__DATA BELOW__

──────

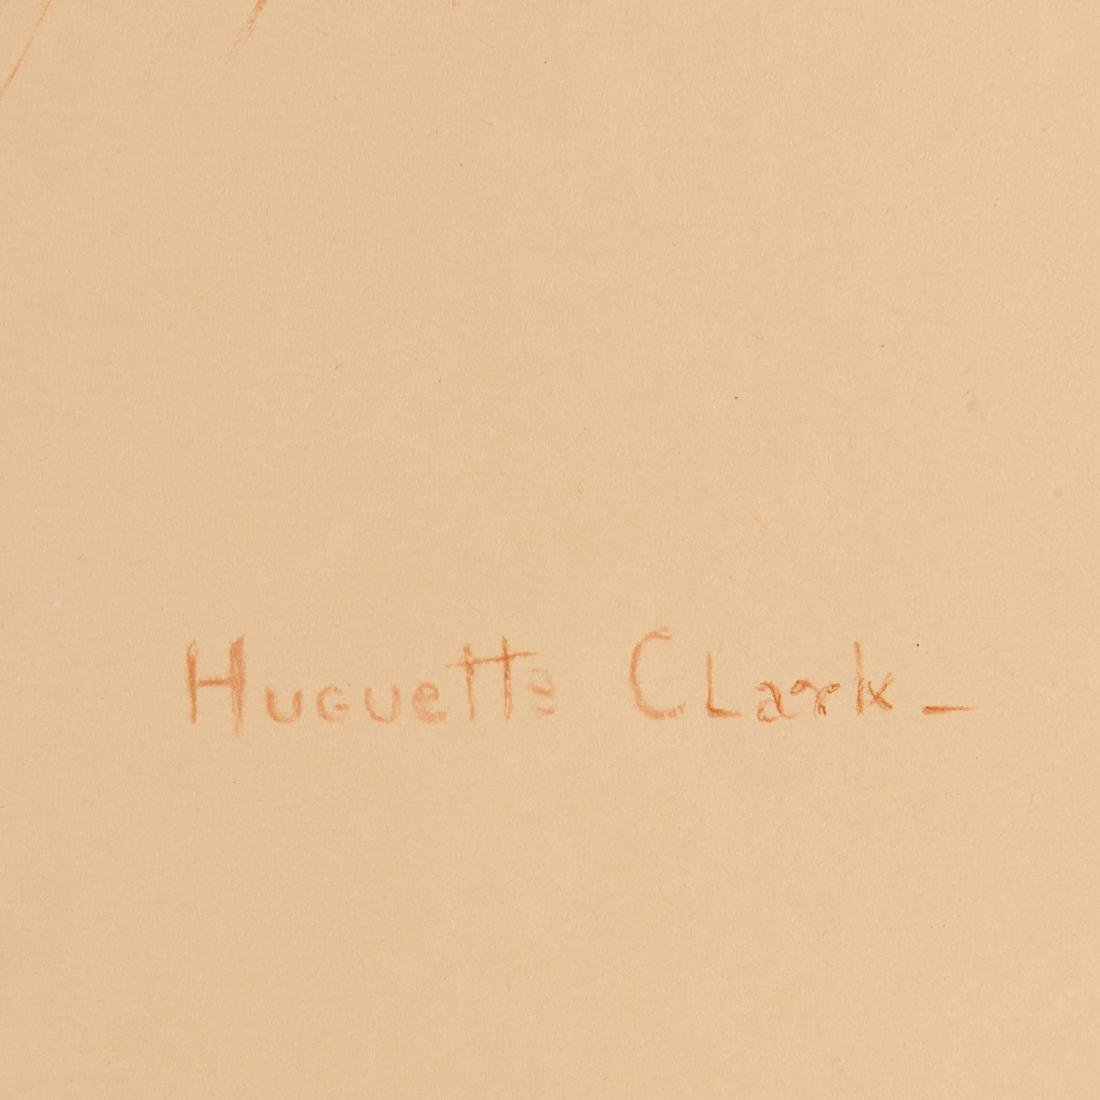 Huguette Clark, (2) prints - 6
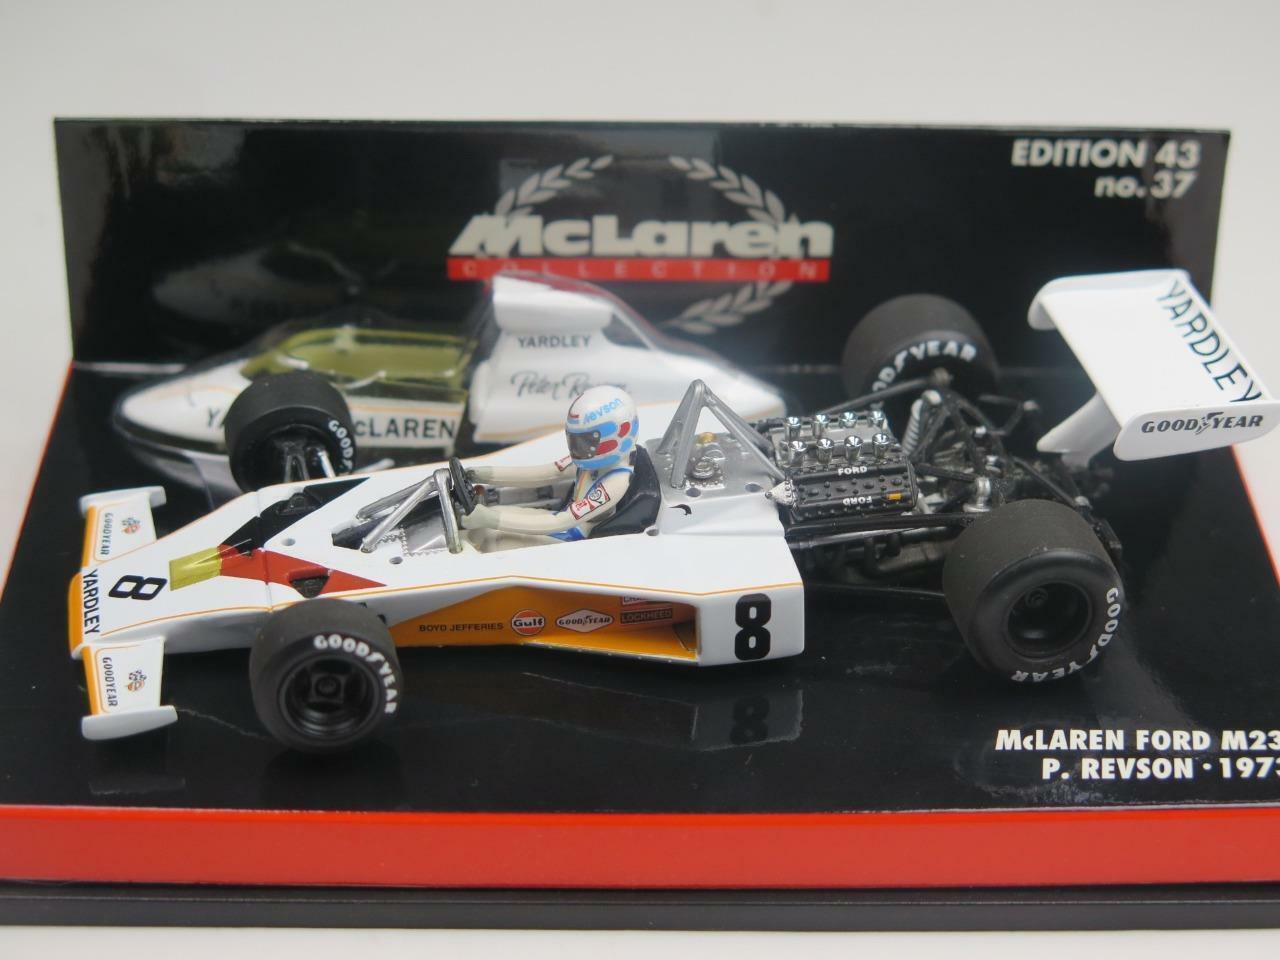 Minichamps 1 43 Formula 1 Yardley McLaren McLaren McLaren M23 como nuevo Peter Revson 1973  envío gratis
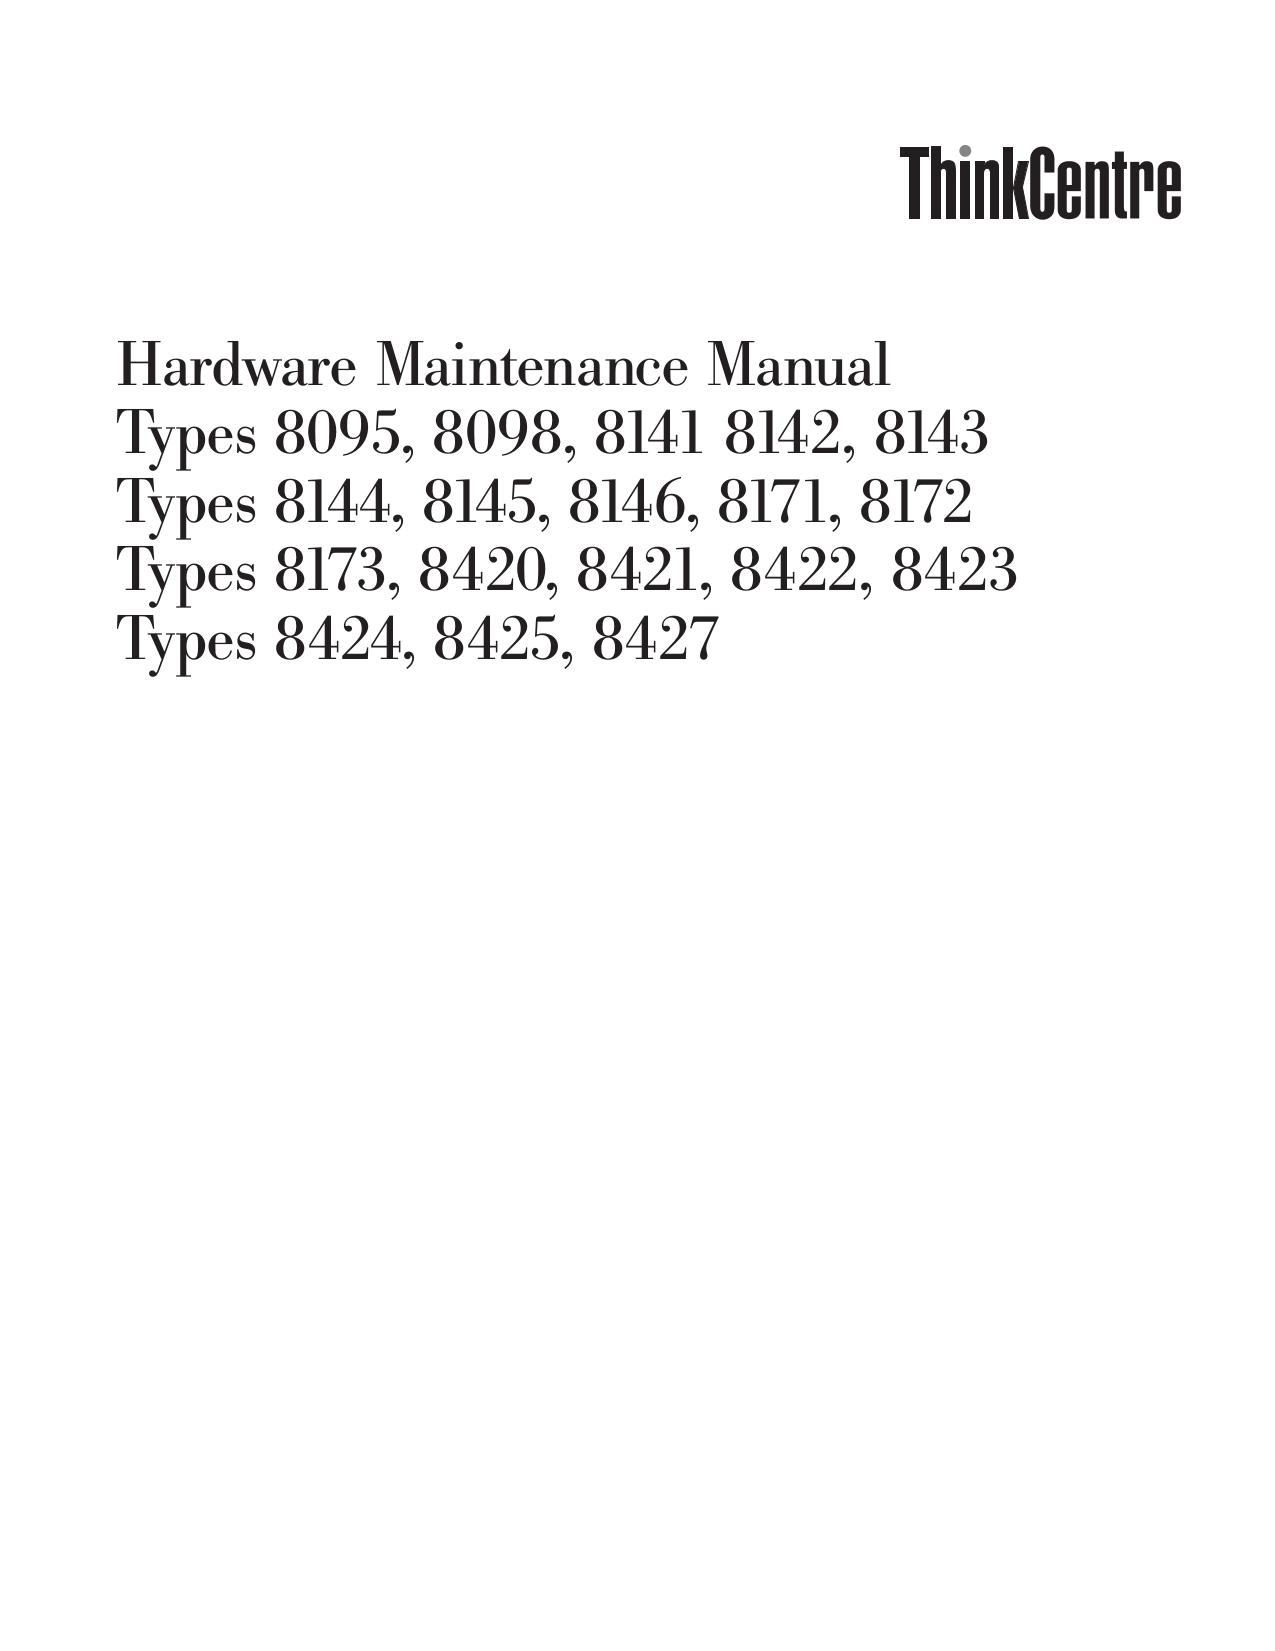 pdf for Lenovo Desktop ThinkCentre A51p 8423 manual

──────

__WORK TO BE COMPLETED__
Reproduce the whole listing above word for word, dropping each image.

__RESPONSE__
 Huguette Clark, (2) prints - 6
 Minichamps 1 43 Formula 1 Yardley McLaren McLaren McLaren M23 como nuevo Peter Revson 1973  envío gratis
 pdf for Lenovo Desktop ThinkCentre A51p 8423 manual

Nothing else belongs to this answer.